Mais cette nuit-là, entre deux tentatives sur la route difficile de Sector Y, un doute s’est installé. Pas un doute sur la qualité de ce que je vivais. Plutôt une question gênante : est-ce que j’avais vraiment besoin de dépenser le prix d’un jeu neuf en 2026 pour refaire exactement les mêmes gestes que sur ma Nintendo 64, juste avec des textures plus propres ?
Velan Studios a visiblement compris que la première impression serait décisive. La nouvelle séquence d’ouverture – ce prologue cinématique qui vous jette dans les Lylat Wars avant même de toucher au stick – m’a instantanément ramené à cette ambiance Star Wars made in Nintendo que je croyais disparue. Les dialogues sont désormais pleinement doublés, avec une présence scénaristique qui n’était que suggérée en 1997. Fox McCloud et son équipe occupent l’écran avec une autorité inédite. Les vaisseaux brillent, les explosions crachent des étincelles qui n’existaient pas dans le polygone brut de l’époque, et les arrière-plans planétaires respirent enfin. Même les sbires de l’Empereur Andross ont droit à un ravalement de façade qui les rend presque intimidants.
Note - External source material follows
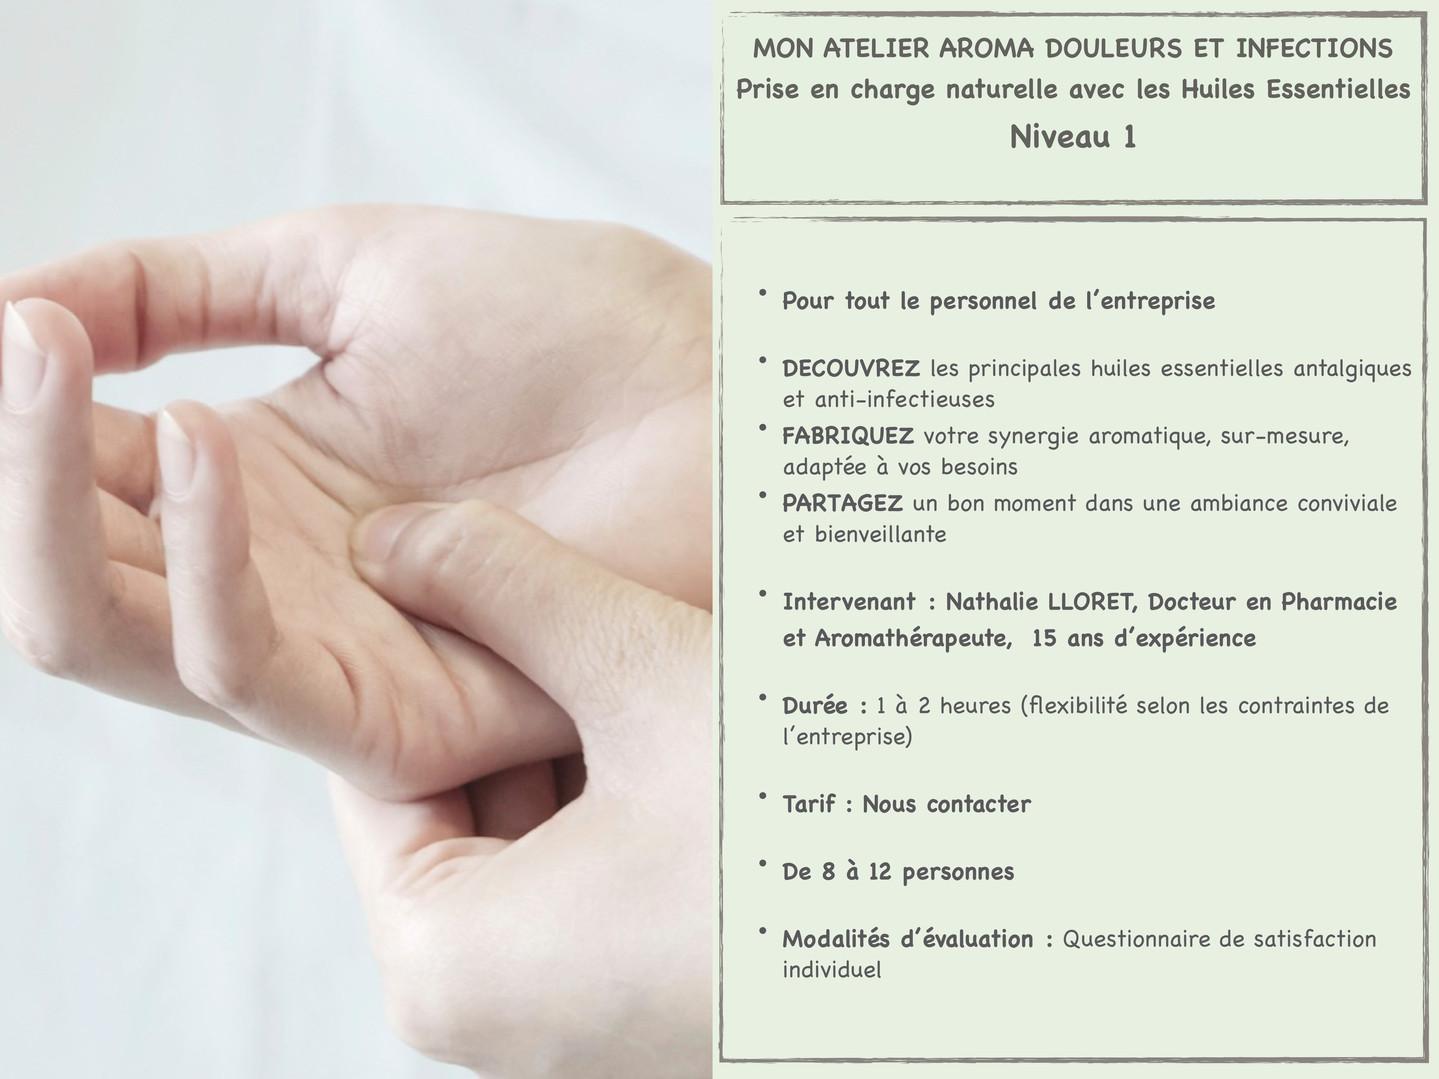 Douleurs et Infections Niveau 1.jpg

Franchement, quand l’Arwing a décollé pour la première fois sur Corneria, j’ai eu le sourire bête. Le moteur sonore cogne dans les basses de la télé, les lasers strident, et cette fameuse musique – ou plutôt sa réinterprétation — déclenche un reflexe pavlovien chez quiconque a connu l’original. Ça m’a fait penser à Super Mario Galaxy dans sa manière de moderniser une esthétique sans la trahir. Sauf qu’ici, on reste scotché aux rails, et cette modernité a des limites qu’on atteint plus vite qu’on ne le voudrait.
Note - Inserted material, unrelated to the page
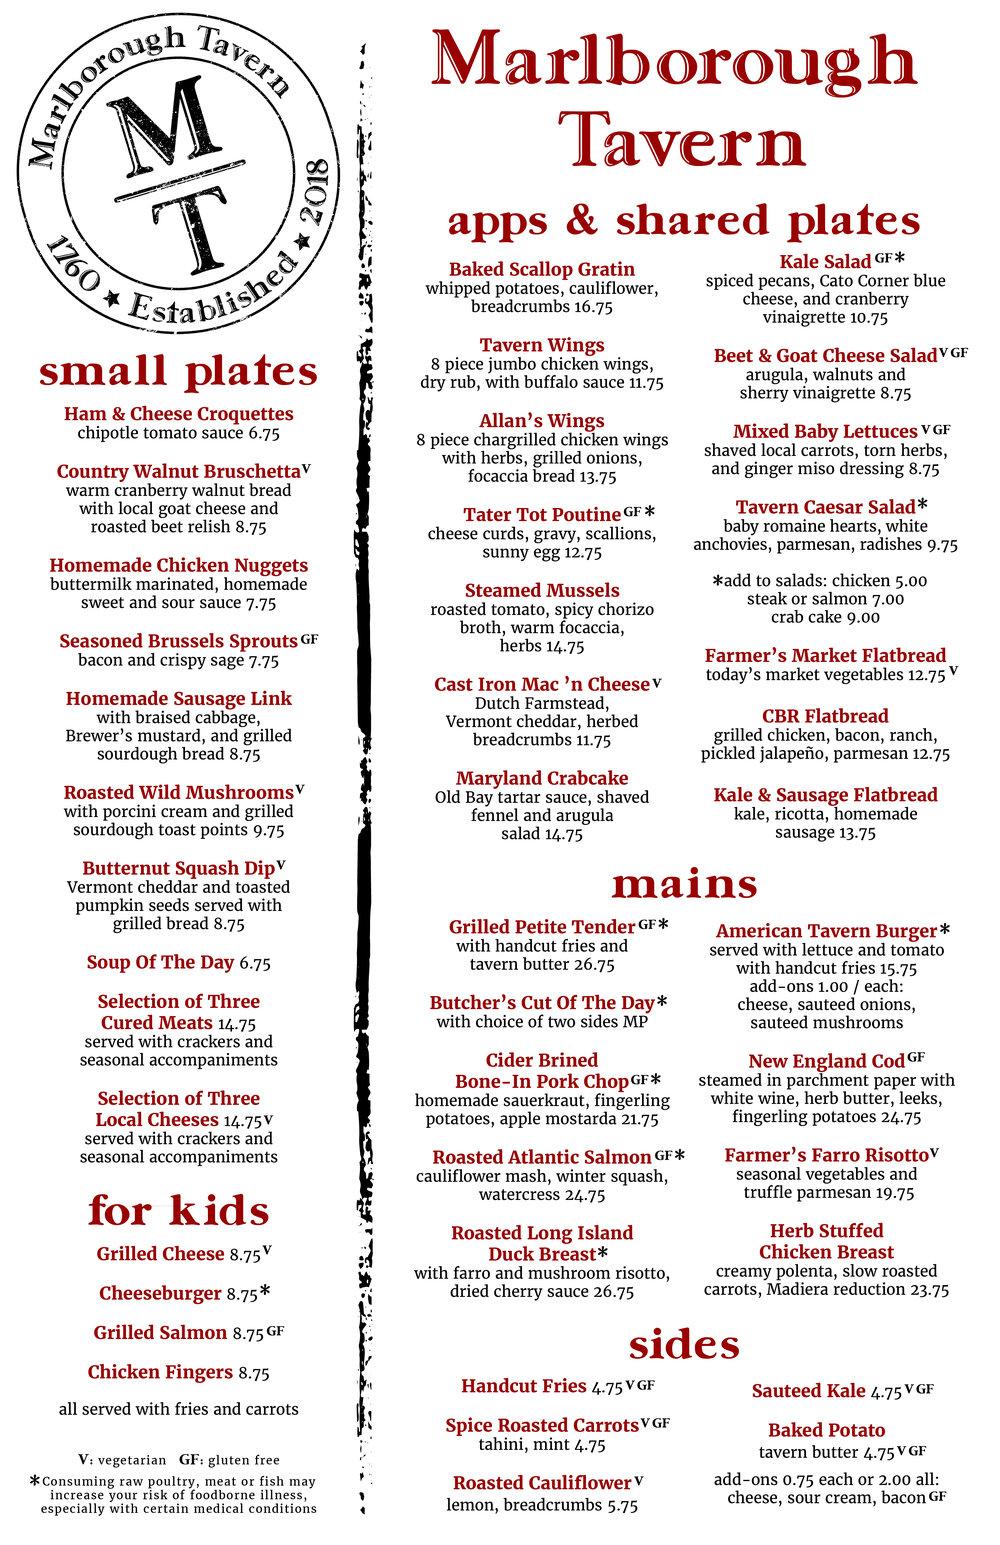 tavern menu 2.jpg

Sur le papier, les contrôles ont été modernisés, et on le sent immédiatement. Le stick analogique du Switch 2 fait des merveilles comparé au pad N64 de mes souvenirs. L’Arwing répond avec une nervosité inédite ; les virages serrés autour des gratte-ciel de Corneria ne dérapent plus dans le vide, les loopings et les tonneaux s’enchaînent sans cette latence spongieuse qui rendait le pilotage original aussi flottant qu’un bateau dans du sirop. Le HD Rumble entre en jeu à chaque impact de laser sur votre bouclier, créant cette tension physique qui manquait cruellement à l’expérience d’antan.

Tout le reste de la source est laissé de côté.